> _Work task_: Each entry below is to be given again word for word, with no pictures.

Source records
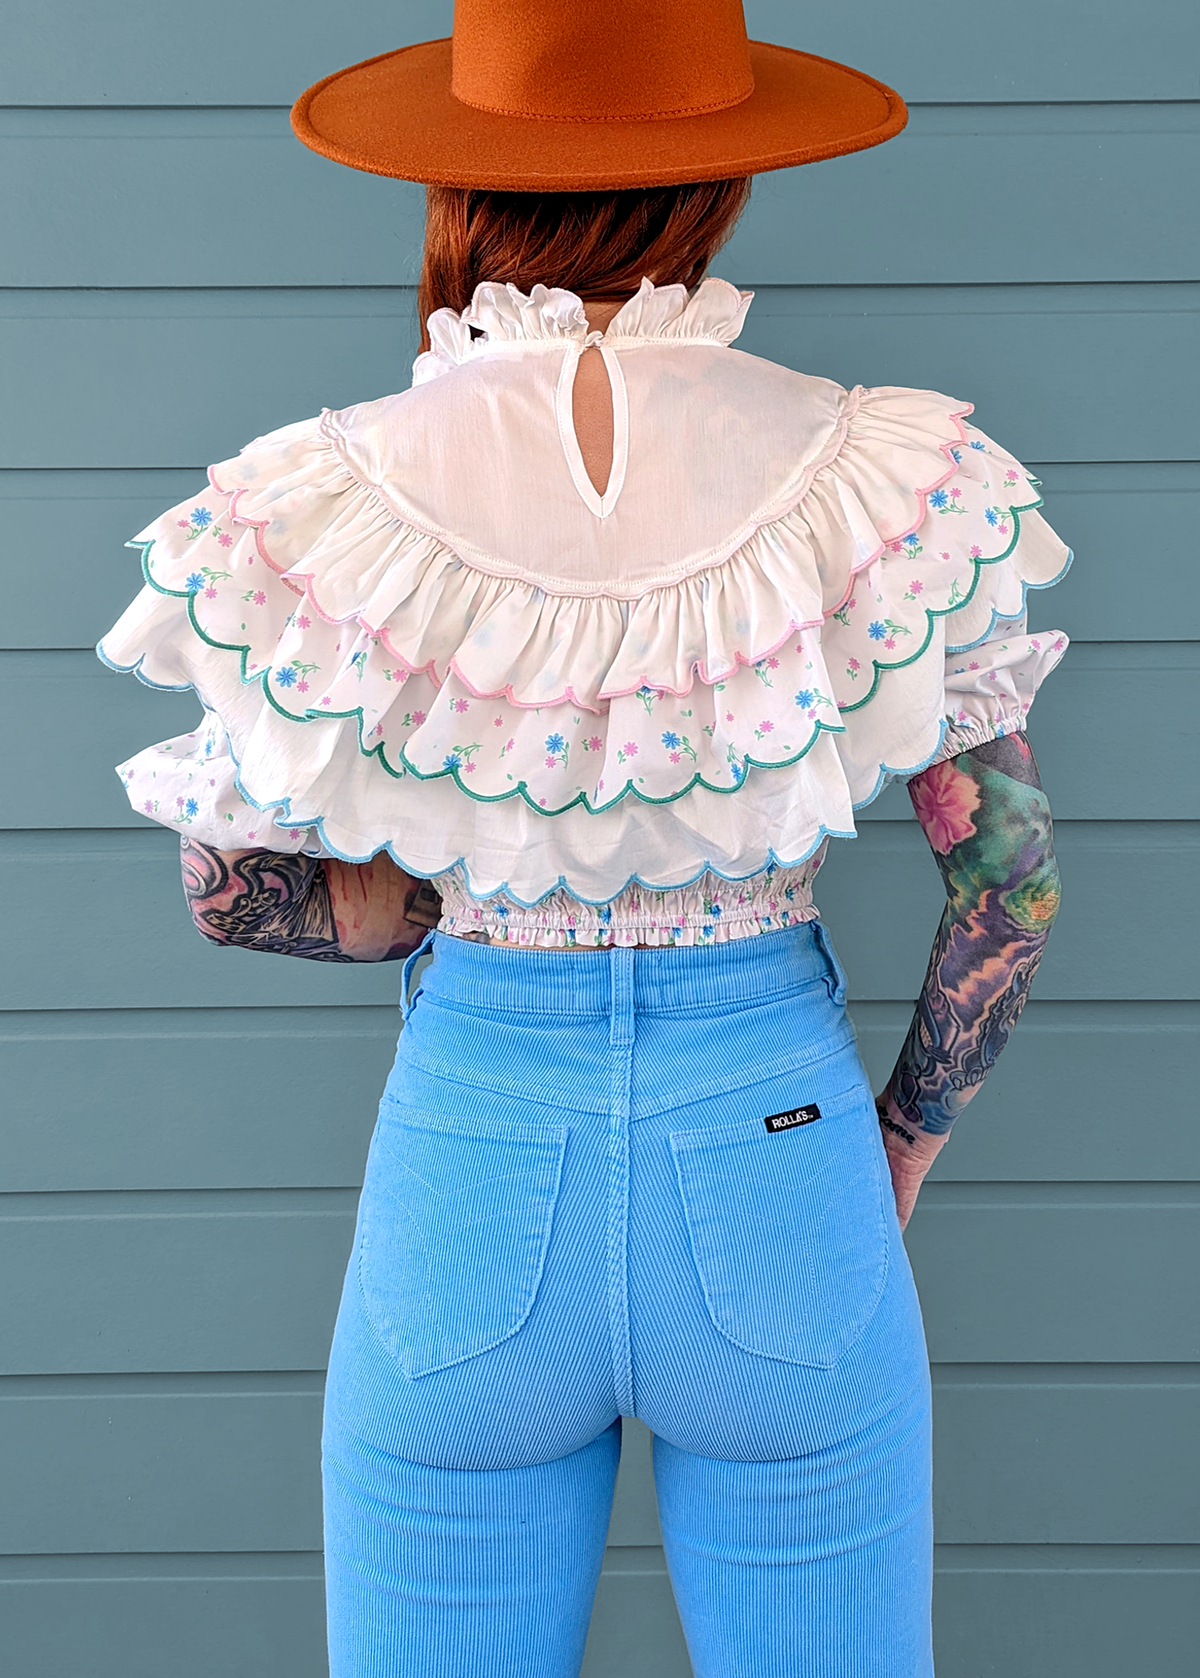 80s inspired prairie ruffle crop blouse with tiered ruffles, high neckline, embroidered floral details, puff sleeved, and smocked bottom. White cotton with blue and pink floral pattern. By Glamorous UK
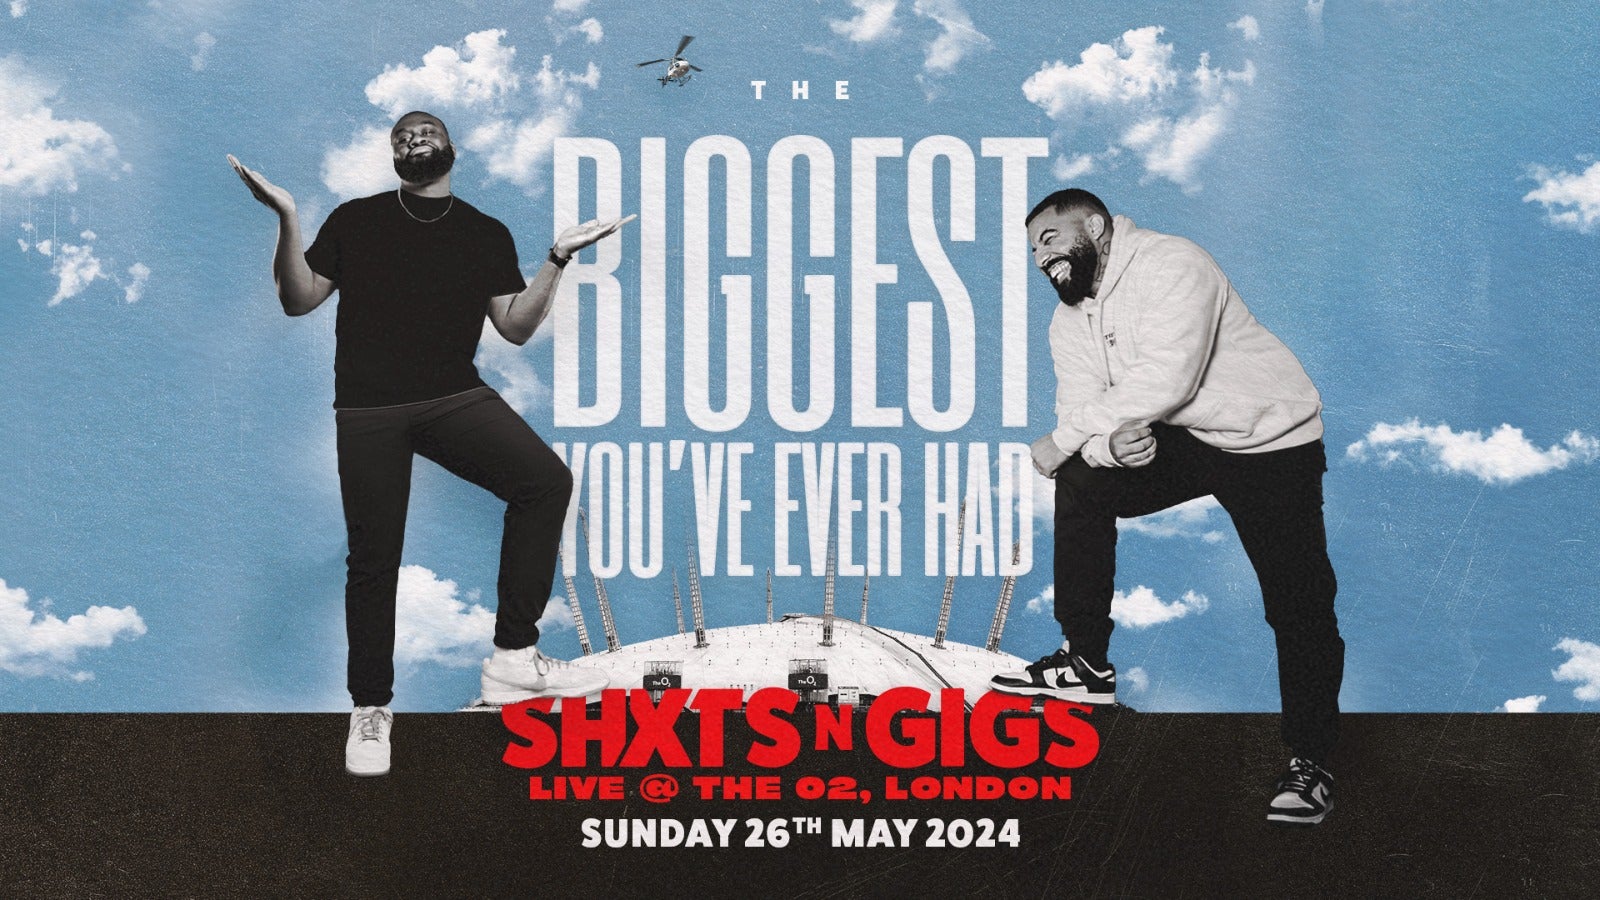 Event image for  shxtsngigs at The O2 on 26 May,2024 featuring the presenters posing standing next to an image of The O2. .
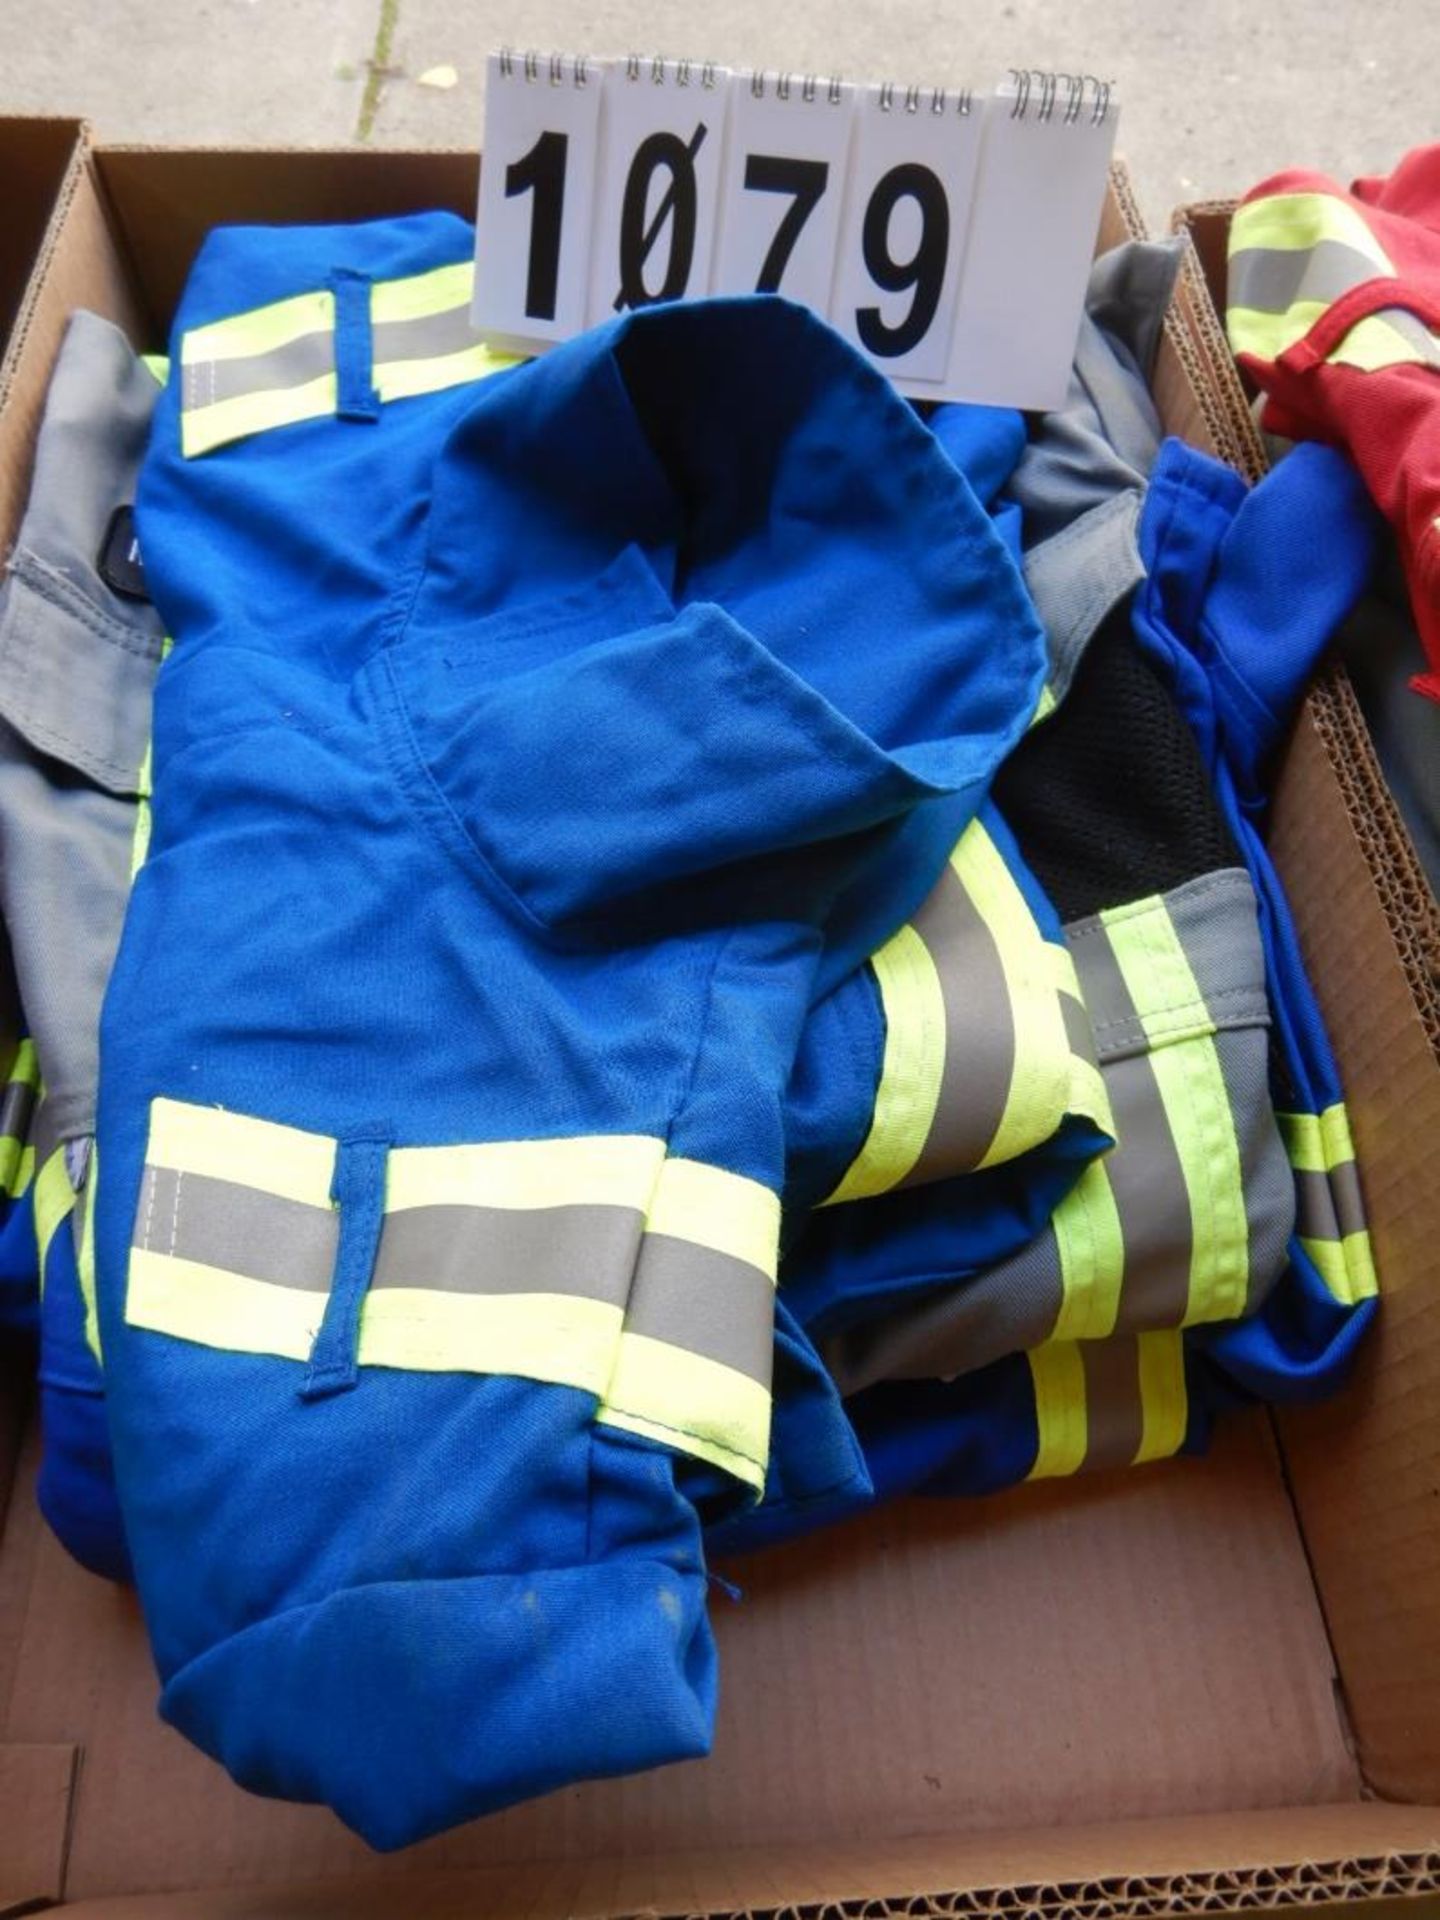 L/O 3-ASSORTED FR SAFETY COVERALLS, SIZE 48
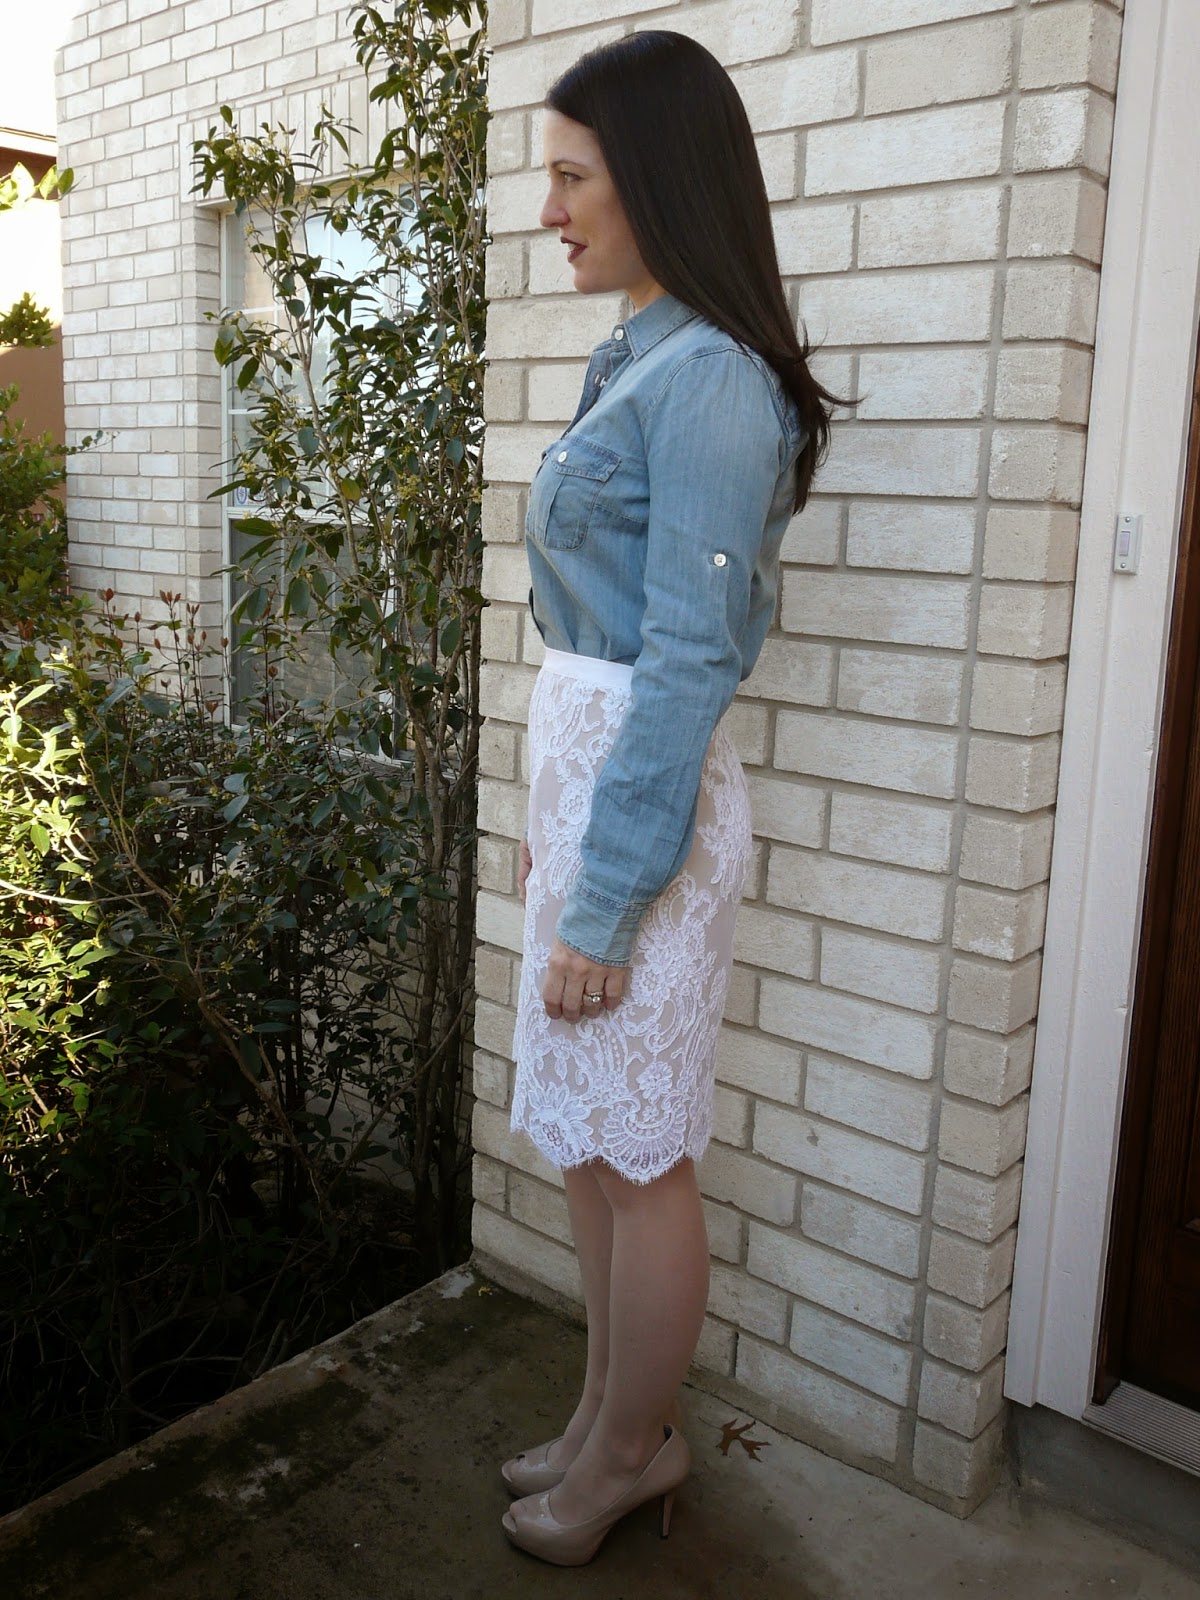 Bring On The Chambray: Lace Pencil Skirt + Button-Down Shirt
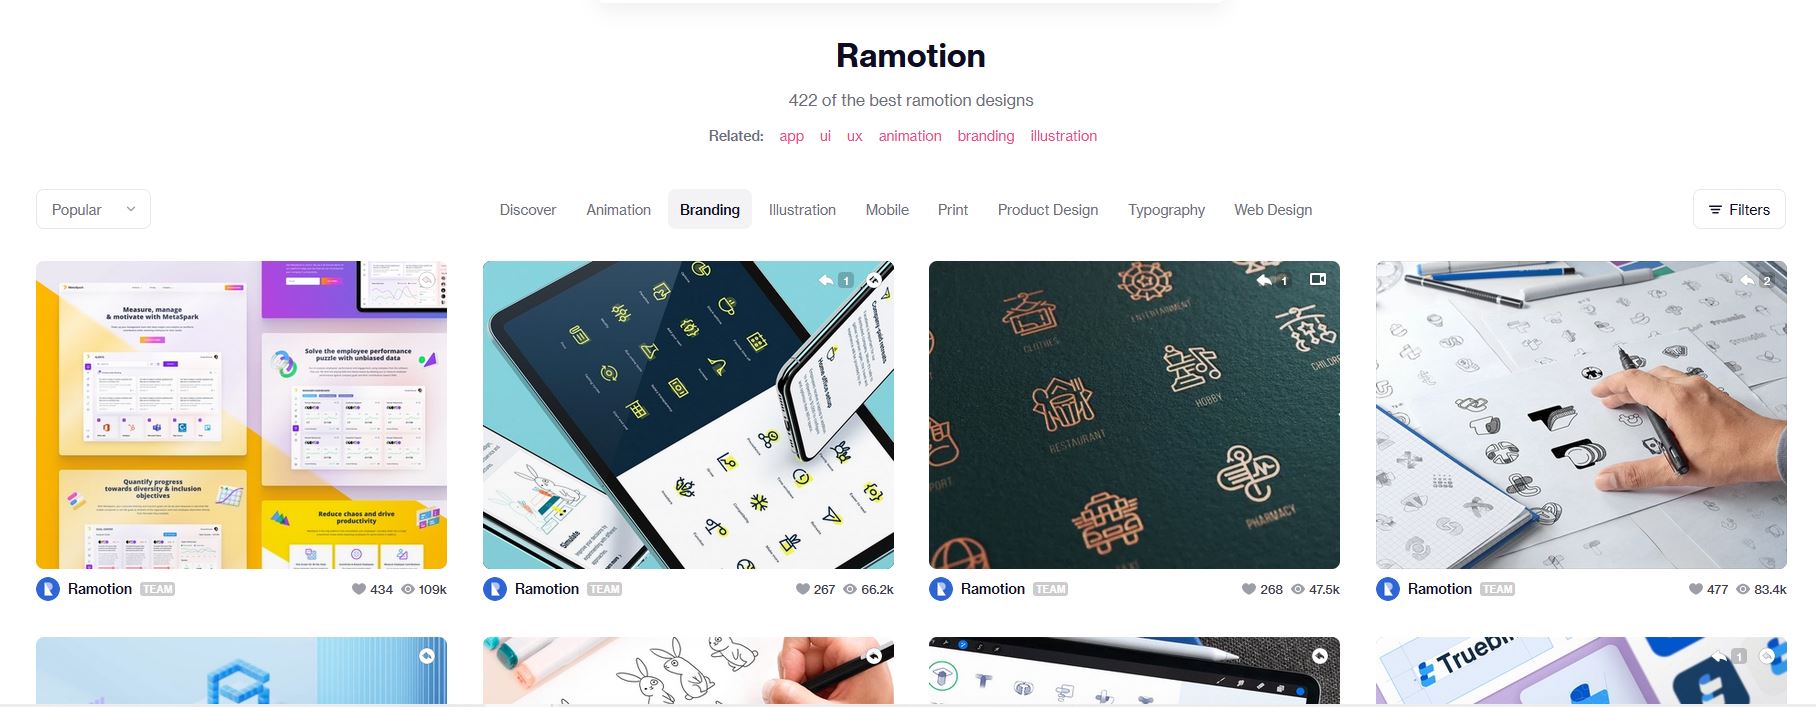 A gallery of branding projects done by Ramotion

> _Answer for this exercise_:
 80s inspired prairie ruffle crop blouse with tiered ruffles, high neckline, embroidered floral details, puff sleeved, and smocked bottom. White cotton with blue and pink floral pattern. By Glamorous UK
 Event image for  shxtsngigs at The O2 on 26 May,2024 featuring the presenters posing standing next to an image of The O2. .
 L/O 3-ASSORTED FR SAFETY COVERALLS, SIZE 48
 Bring On The Chambray: Lace Pencil Skirt + Button-Down Shirt
 A gallery of branding projects done by Ramotion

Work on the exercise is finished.